Mrs. Unruh showed little alarm when I told her Megan hadn’t been seen in two months.
“My daughter hasn’t contacted me in some time, but that isn’t unusual.” Her voice was as chilly as the room’s décor.
“Did you try calling her?”
“What for? We have nothing in common.”
I asked if she could give me a photograph of her daughter.
She tilted her head. “Why?”
Exasperated, I tried again. “Her art dealer is worried about her, so I’m checking around to see if anyone’s seen her lately. A photograph would help.”
With all the regality of a queen bestowing a favor on an unworthy subject, Mrs. Unruh stood and walked down the long hallway. After a few minutes she returned with a ten-year-old high school yearbook. Megan’s picture was near the back, where she’d been voted Most Creative. It showed a plump brunette with a glum expression on her round face. Her bangs were so long they cast a deep shadow over her brown eyes.
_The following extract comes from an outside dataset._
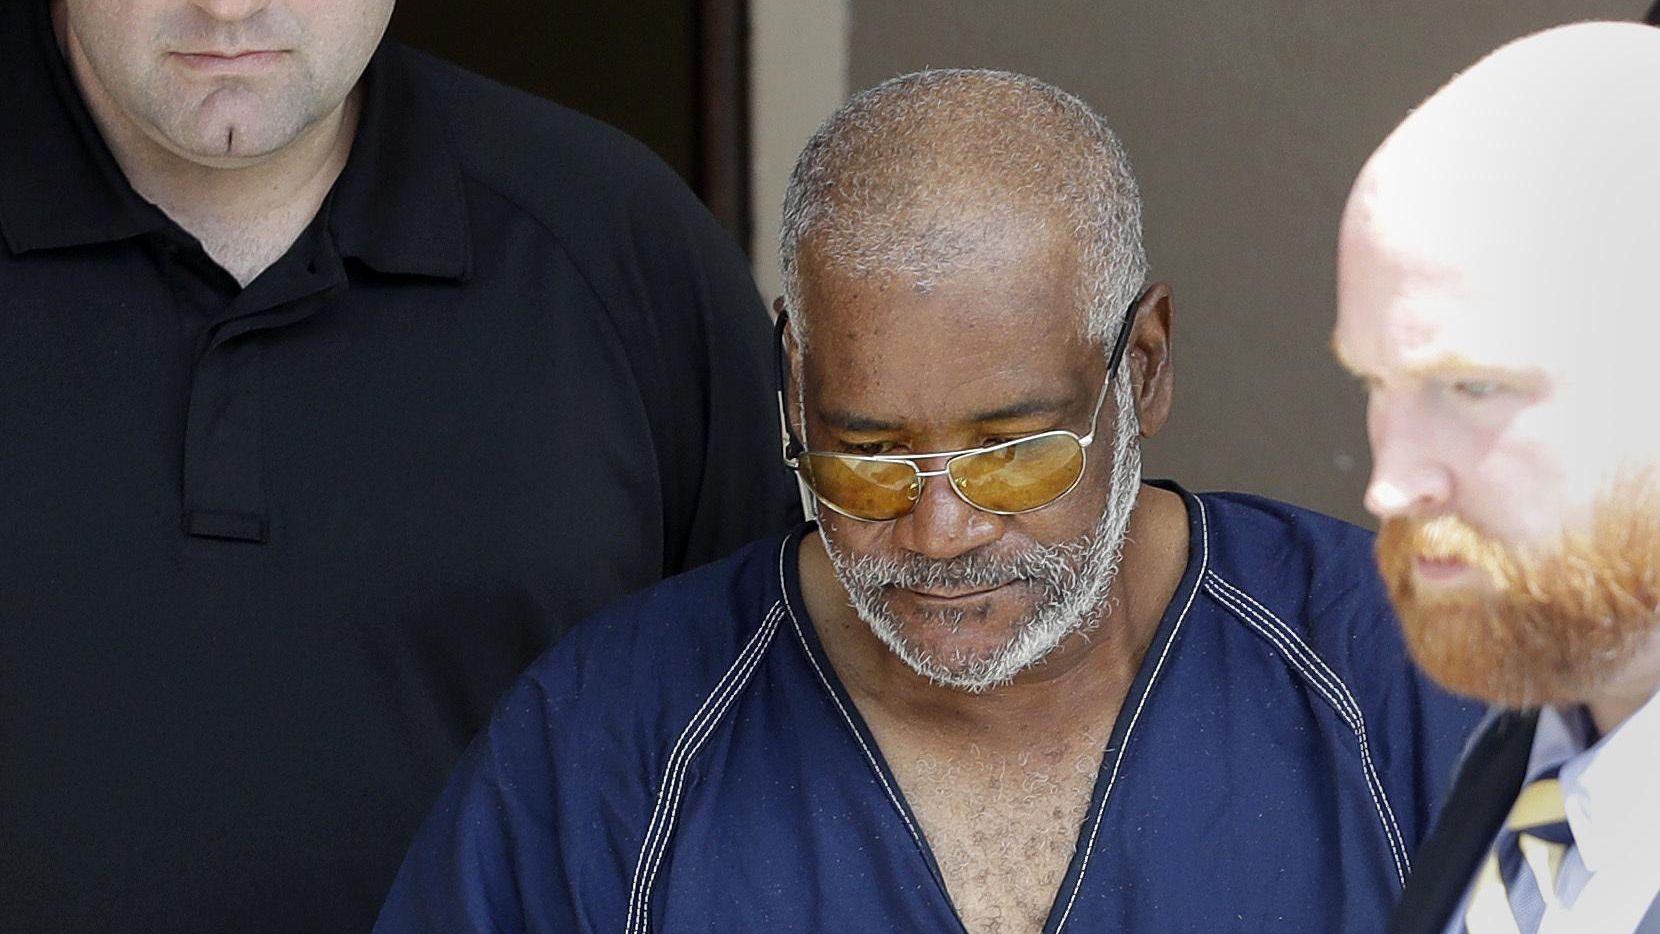 James Mathew Bradley Jr. de 60 años, es acusado de asesinato y tráfico de personas. Un jurado investigador lo encausó por esas muertes. Foto AP

“You don’t have anything more recent?”
“Megan didn’t like to be photographed. Said cameras made her look fat, which they did. Because she was.”
As I scanned the bone-colored living room, I didn’t see one picture of Megan, although the far wall displayed a large photo montage of her mother. From what I could deduce from the shots, Mrs. Unruh used to be a model.
She was still stick thin.
When I arrived back at Desert Investigations, I found several phone messages, one of them from TV anchorwoman Polly Yamaguchi stating that she was currently off-air, and to call her back quick because she would be unreachable after four.
Since it was already three-thirty-five, I returned her call first. “My sources say there are no homeless encampments on the Pima Rez near the El Mesquite Business Park where that body was found. In fact, they say there are none at all in or on the Rez since the authorities moved that old one onto ADOT property.”